Since his brother was shot and killed by an American CIA contractor last month, scores of Islamist politicians have met with Waseem Shamzad in his bare sitting room to bring sympathy, offers of help and a stark message: if U.S. envoys come offering "blood money" to get their man out of jail, tell them to go away.
Shamzad and two other families mourning a dead relative because of the shooting say America has not offered compensation yet, but Pakistani officials have suggested such payments could help end a crisis that has exposed the fragility of ties between the two nations.
While the United States insists Raymond Allen Davis, the detained CIA contractor, has immunity from prosecution, his lawyer said Friday that "bloody money" was "not just a good way, but the best way" to resolve the issue. The United States has not commented on whether it intends to try that approach, either formally or as a way of cooling popular anger if Davis is freed on other grounds.
The families, meanwhile, say they want justice, not money.
Davis was driving on a busy street in this eastern city when he says two men, at least one of whom was armed, tried to rob him. He shot them dead. Minutes later, an American vehicle speeding to the scene on the wrong side of the road ran into a motorcyclist, killing him.
The United States is demanding the 36-year-old Virginia native, currently on trial for murder, be released.
The Islamabad government has yet to say whether Davis has immunity, apparently paralyzed in the face of media outrage and protests by Islamist parties. So far, all it's said is that the matter was up for the Lahore High Court, which may rule on the immunity issue this month.
In the meantime, the families have found themselves at the center of a drive by right-wing and Islamist politicians who are relishing heaping pressures on America and its allied government in Islamabad and spreading conspiracy theories blaming Davis - not the Taliban and al-Qaida - for the violence roiling the country.
Shamzad, the brother of one of the shooting victims, said he needed help, but not from United States.
"Look at the state of this house," he said, pointing to the concrete floor, whitewashed walls and muddy lane outside the door where cows chewed on piles of grass. "People from all over Pakistan have come here. They only want to help."
Shamzad and two relatives had just returned from Karachi on the dimes of a student group linked to the Jaamat Islami party, the first time they had been on an aircraft. The purpose of the visit was to meet with relatives of Aafia Siddiqui, another icon of the Pakistani rightwing, and drum up publicity.

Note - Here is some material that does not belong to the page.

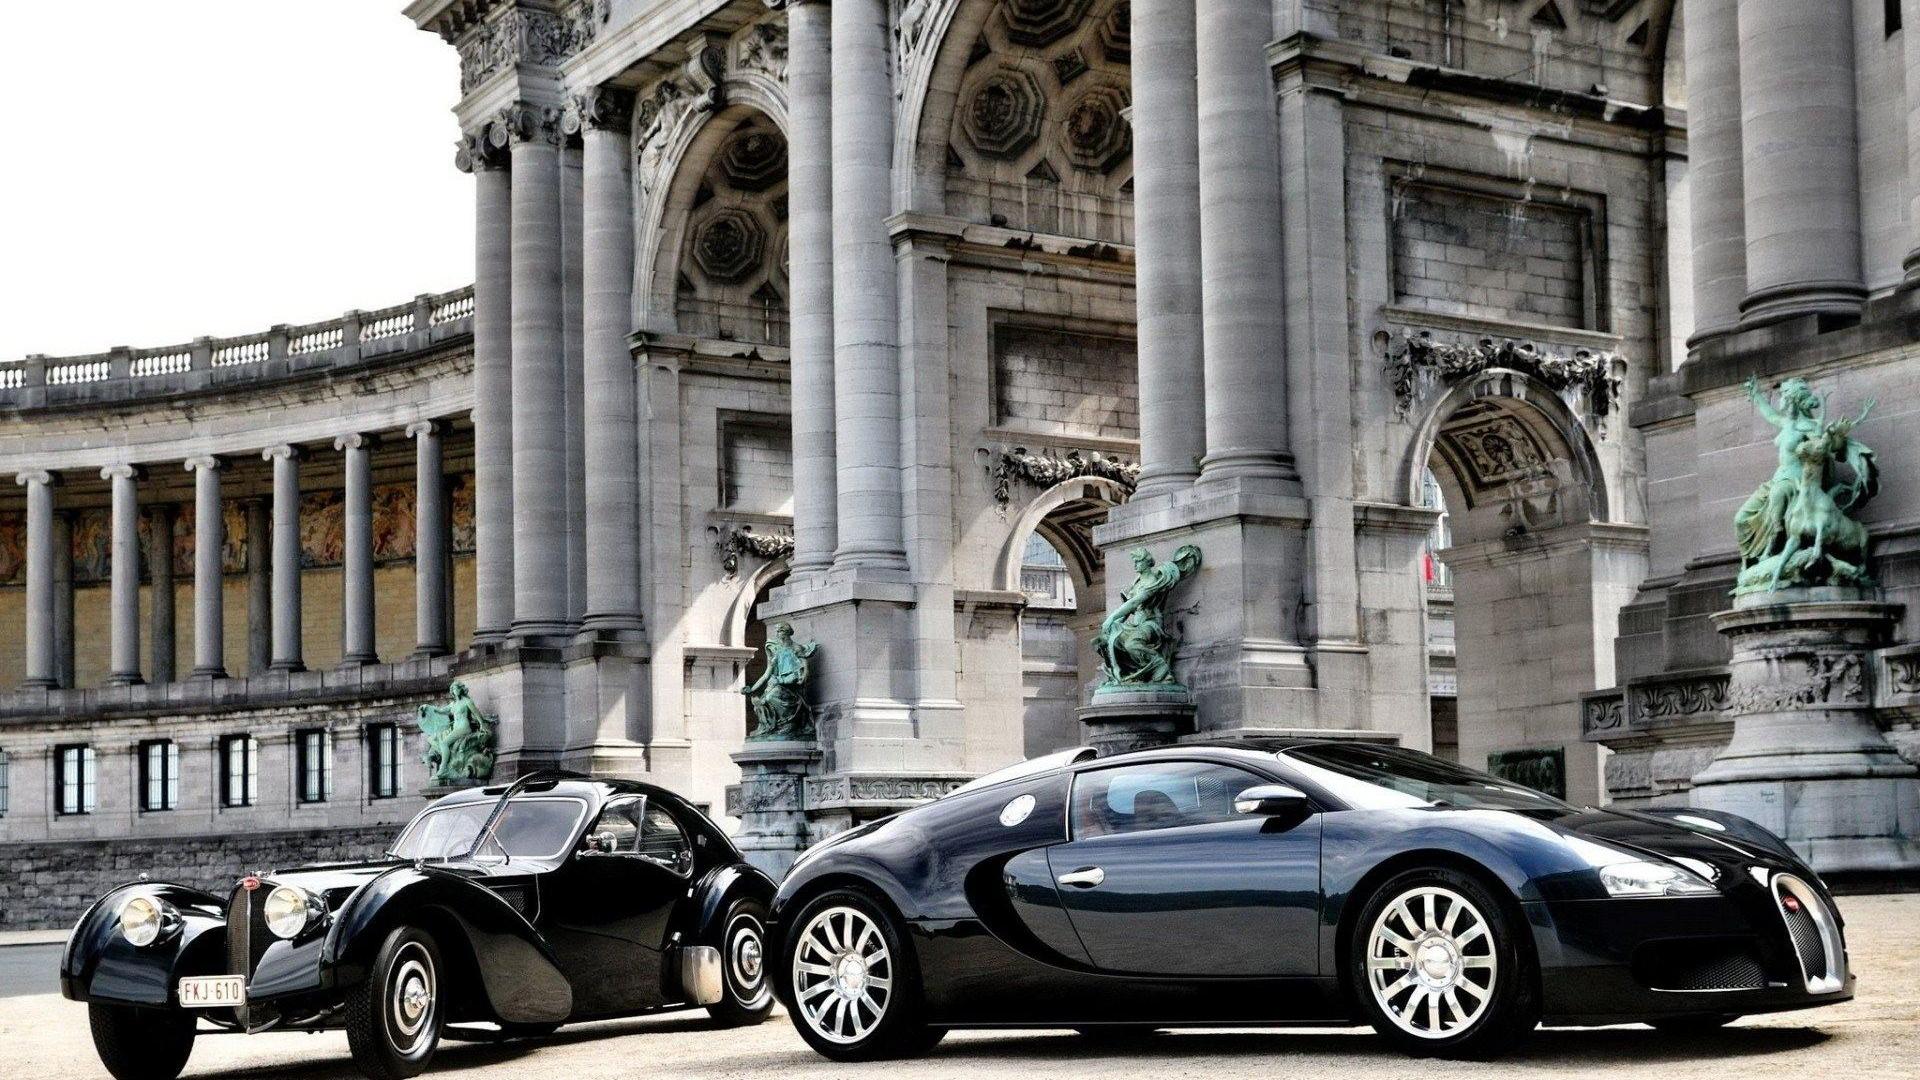 Bạn yêu thích siêu xe Bugatti Veyron? Bạn muốn tải hình nền siêu xe này để thể hiện đẳng cấp của bạn? Chúng tôi cung cấp những hình nền siêu xe Bugatti Veyron sang trọng nhất để bạn tha hồ lựa chọn. Khám phá ngay để tải miễn phí và trưng bày đẳng cấp của bạn.
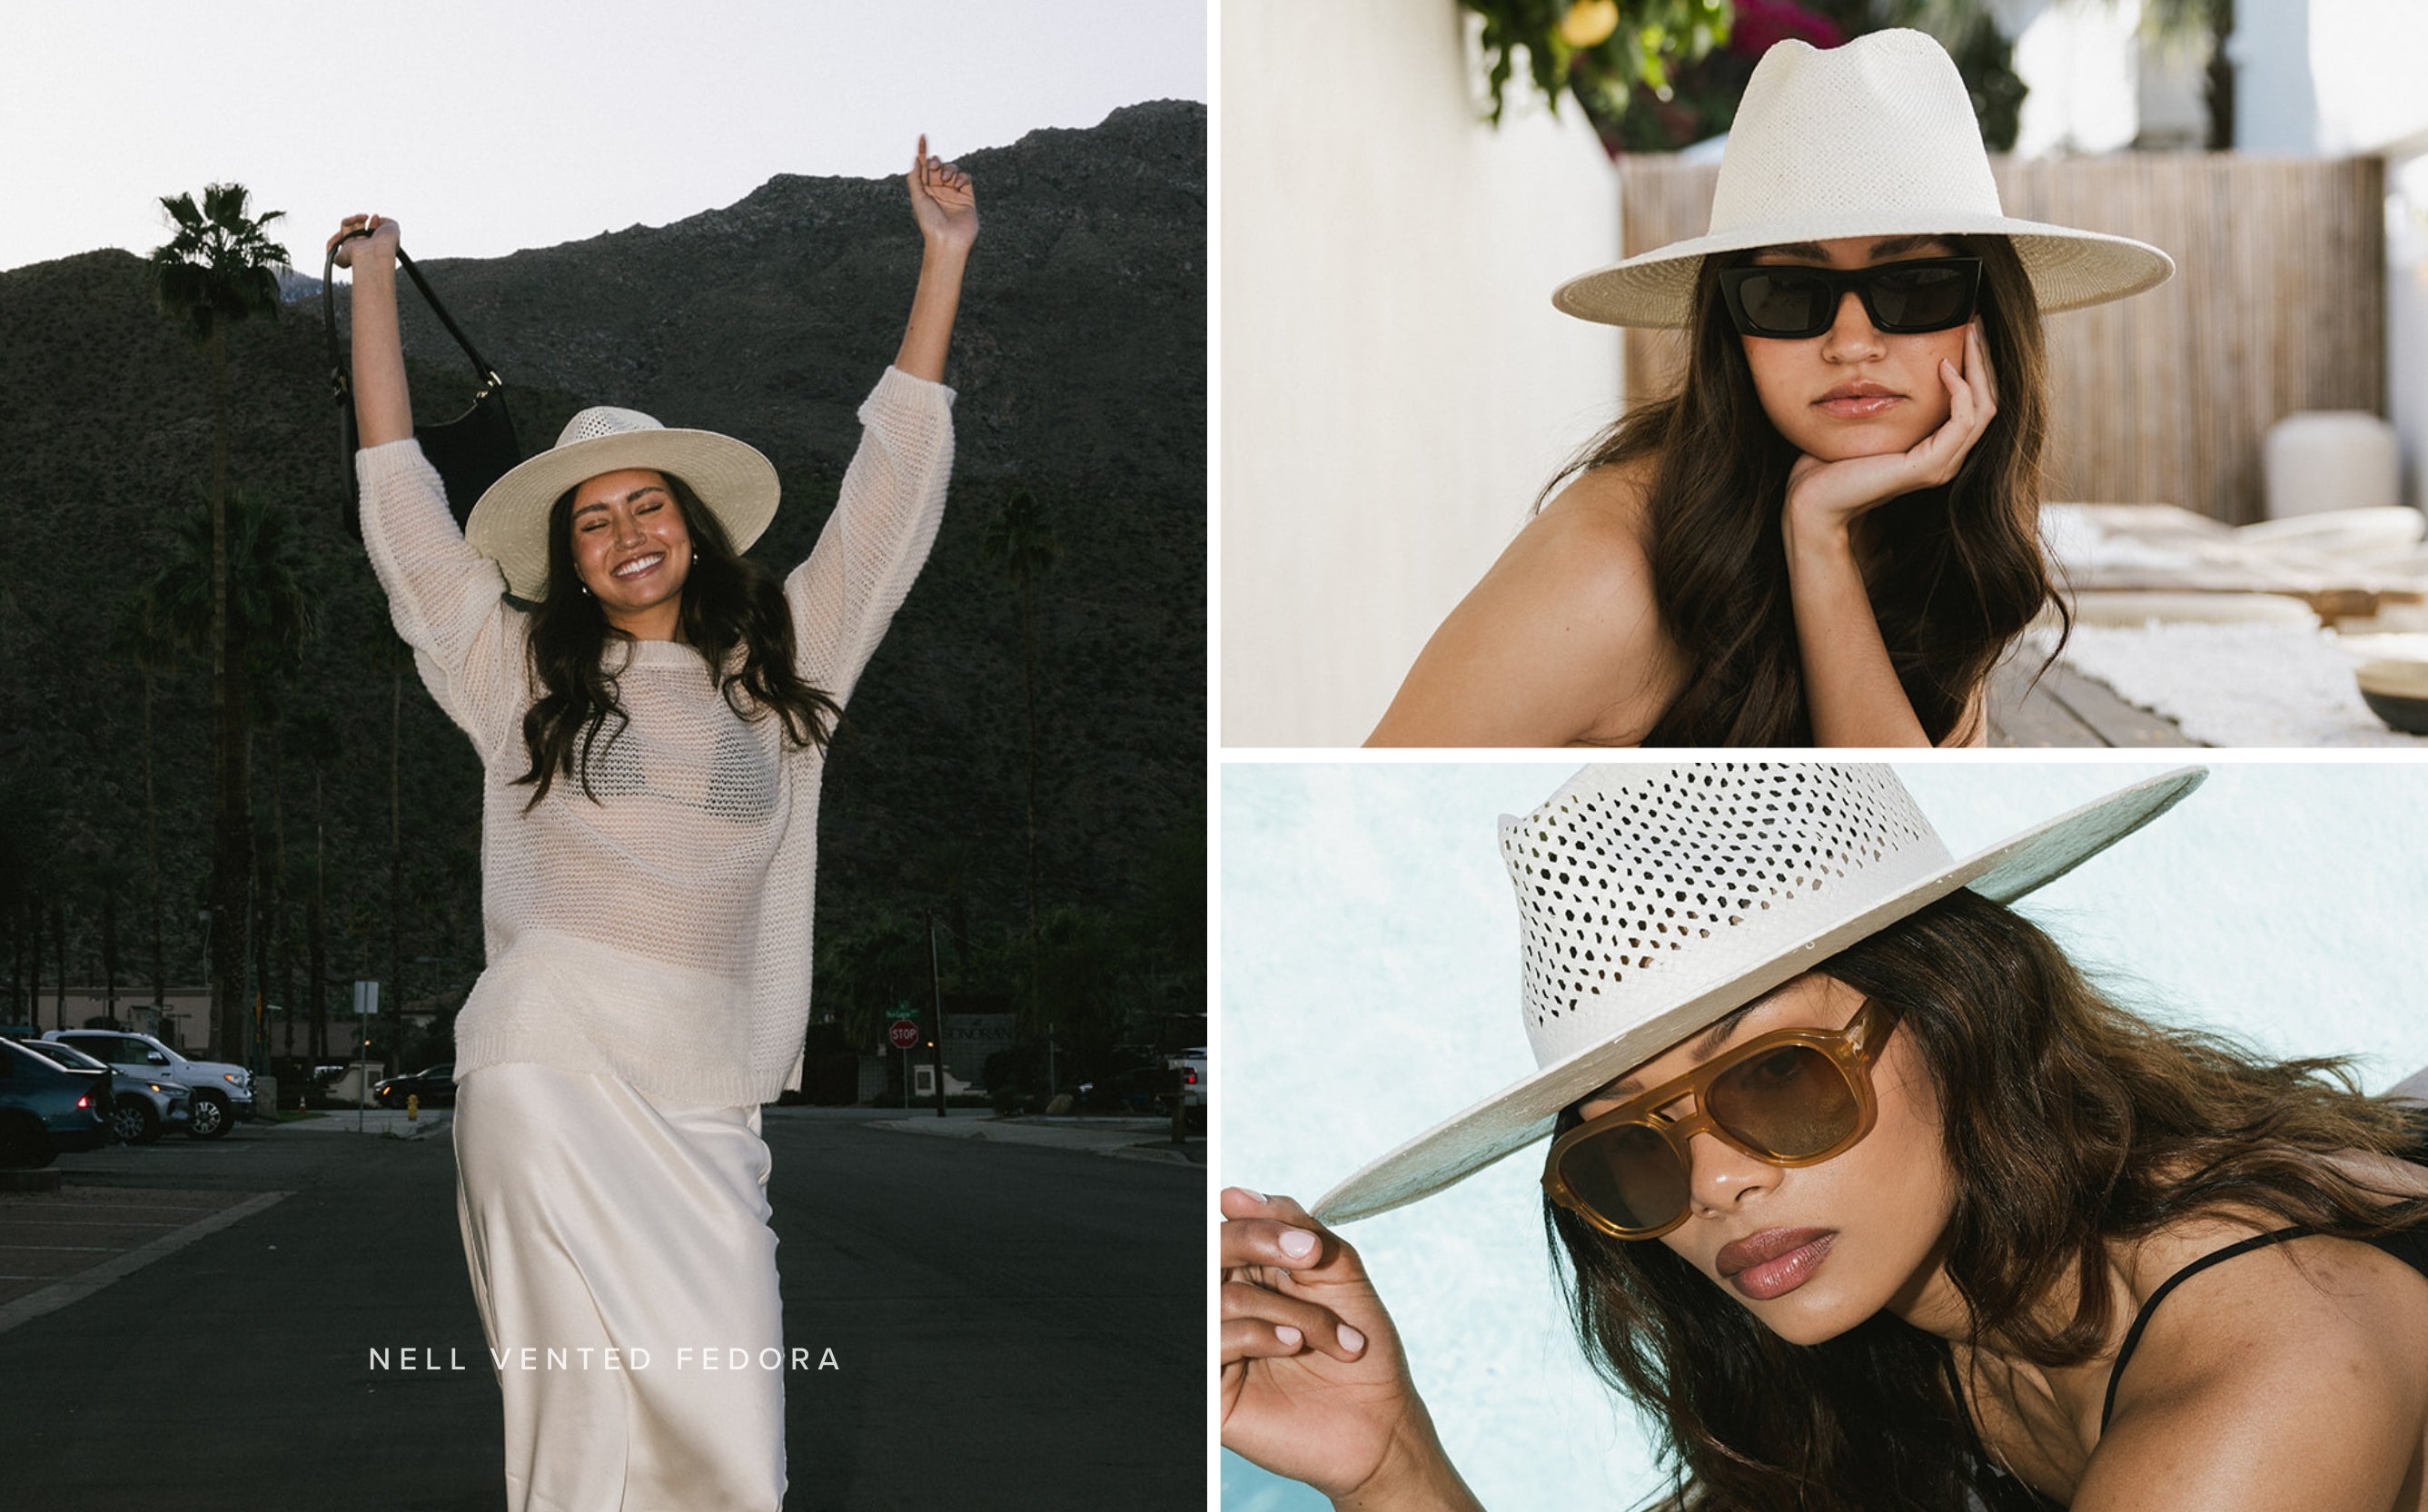 3 images of women wearing straw hats doing outdoor activities

Siddiqui, a U.S.-educated mother of three, is serving 86 years in an American jail for attempting to kill U.S. agents in Afghanistan. Like the Davis case, the Siddiqui case is a staple for rightwing propaganda about America's malign intentions in the region.
Police and American officials originally said Shamzad's brother Mohammad Faheem and Davis' other victim, Faizan Haider, were robbers.
Shamzad and Haider's family strongly denied that, but Shamzad admitted his brother was carrying a gun when he was killed.
Pakistani law allows killers to walk free if they admit their crime and pay compensation or "diyat" to the heirs of the victim, who must forgive them. Firmly rooted in Islamic tradition, the practice is quite common but is criticized by human rights groups, which say it encourages impunity.
The United States regularly pays money to the families of innocent people it kills in Afghanistan, but may baulk at doing so in this case, even if the families wanted it. Davis's lawyer, Zahid Bokhari, said any such deal would involve the U.S. consulate directly, and he would draw up the legal papers to certify it.
"When they settle with them, then my domain will start," said Bokhari, who was appointed on Wednesday.
When it was pointed out that the families did not want to deal, he said: "To my mind, they are affected by the pressure of the public and the parties."
The families say no government or American officials have visited them, making the Islamists' efforts stand out.
"They are using us, but at least they are doing something," said Ibad-ur-Rehman, whose brother was killed by the speeding car.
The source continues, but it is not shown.